For internal m¹A detection, 200 ng polyA⁺ RNA was isolated from TRMT6/61A stable knock-down cells and mock control cells respectively, and then was fragmented to 150 nt using magnesium RNA fragmentation buffer (NEB). Fragmented RNA was ligated to 3′ RNA linker (5′rAPP-AGATCGGAAGAGCGTCGTG-3SpC3) and then reverse transcription was carried out using TGIRT with the same RT condition as that of m¹A-MAP. The regions harboring m¹A were amplified by PCR using specific primers. The amplicons from different m¹A-containing regions were mixed together for each sample, and then subjected to DNA library construction using NEBNext® Ultra^™ II DNA Library Prep Kit for Illumina® (E7645) according to the manufacturer’s instructions. Deep sequencing for the libraries was performed on Illumina Hiseq X10 with paired-end 2×150 bp read length. Thus, the position of m¹A to be validated can be covered with sufficient reads for the examination of mutation rate. Specific PCR primers are listed below:

• NM_025099-m¹A5643-FWD: AAAAAGCTCGGTCCGGGTTC;

• NM_025099-m¹A5643-RVS: TTAGCCGCAAAATCACGCTG;

• NM_001193375-m¹A978-FWD: ACACCTGTCCAAGCCCTAAT;

• NM_001193375-m¹A978-RVS: CTGAGGGGCCCTTATTCCCA;

• NR_026951-m¹A659-FWD: ACGTCGGCTCGTTGGTCTAG;

• NR_026951-m¹A659-RVS: ACAGTCAAGCCTCCTGCAGC;

• NM_001256443-m¹A486-FWD: CAAGGTTCCAGGCGAAGGG;

• NM_001256443-m¹A486-RVS: AGCCGGGGTCTCTGTGG.

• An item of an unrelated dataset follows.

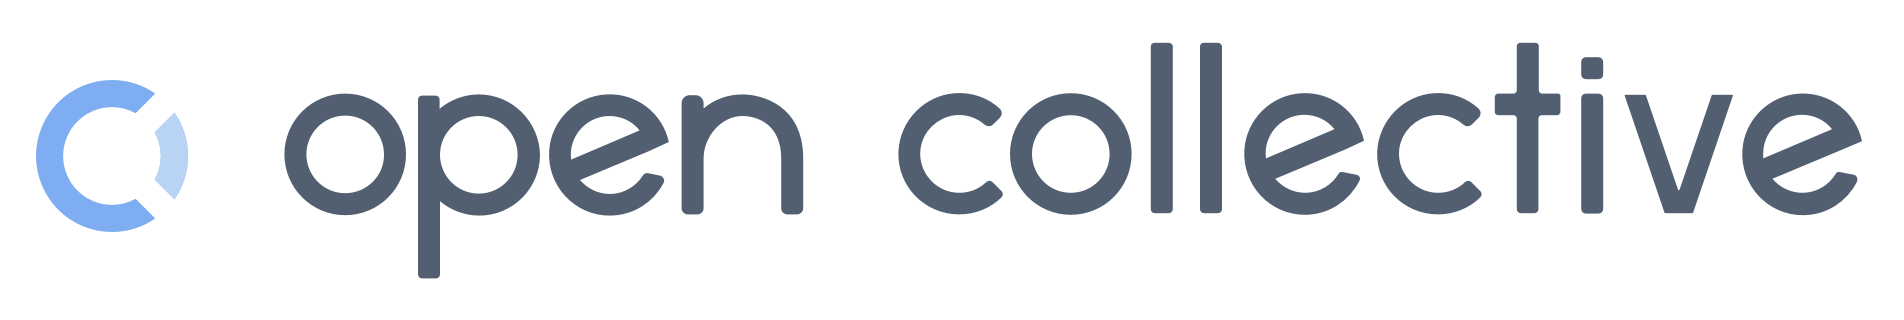 OpenCollective logo

Purification of Mitochondrial 12S mt-rRNA

Total RNA was isolated from cells using TRIzol, according to the manufacturer’s instructions (Invitrogen). An additional DNase I treatment step was performed to avoid DNA contamination. Bring 200 μg DNAse I treated total RNA to volume of 160 μL in nuclease-free water, and then add 1 μL 12S mt-rRNA probe mix (20 μM each). The probe mix contains 4 3′-biotin labeled oligoes that specifically target 12S mt-rRNA and the sequences were listed as follows: 12S-probe-1: GAGCTAATAGAAAGGCTAGGAC; 12S-probe-2: TCTATTGACTTGGGTTAATC; 12S-probe-3: TTATCGATTACAGAACAGGCT; 12S-probe-4: TCTACTCTTAGTTTACTGCTAA. The RNA mixture was heated at 65 °C for 10 min and followed by chilling on the ice. 40 μL 5 × Binding buffer (1.5 M NaCl, 10 mM EDTA, 100 mM Tris, pH 7.4) was added into the RNA mixture and mixed well by pipetting. The RNA mixture was incubated at room temperature for about 30 minutes. 200 μL Streptavidin C1 Dynabeads (Invitrogen) was resuspended in 200 μL Binding Buffer (300 mM NaCl, 2 mM EDTA, 20 mM Tris, pH 7.4) and then added into the RNA mixture. The RNA beads mixture was incubated at room temperature for 40 minutes by gently rotating. The beads was washed with Washing Buffer (30 mM NaCl, 1 mM EDTA, 10 mM Tris, pH 7.4, 1% SDS) at 40 °C for four times. RNA was eluted from beads by adding 200 μL Elution buffer (5 mM EDTA, 10 mM Tris, pH 7.4, 1% SDS) and incubating at 70 °C for 10 minutes. Isolated RNA was recovered by ethanol precipitation and 12S mt-rRNA was further selected using 4% Urea-PAGE. The purity of isolated 12S mt-rRNA was checked using RNA 6000 Pico Chip on an Agilent 2100 Bioanalyzer (Agilent Technologies). The m¹A methylation level of 12S mt-rRNA was analyzed by quantitative LC-MS/MS.

Primer extension

The primer extension was performed as previously reported (Bar-Yaacov et al., 2016; Chujo and Suzuki, 2012) with several modifications.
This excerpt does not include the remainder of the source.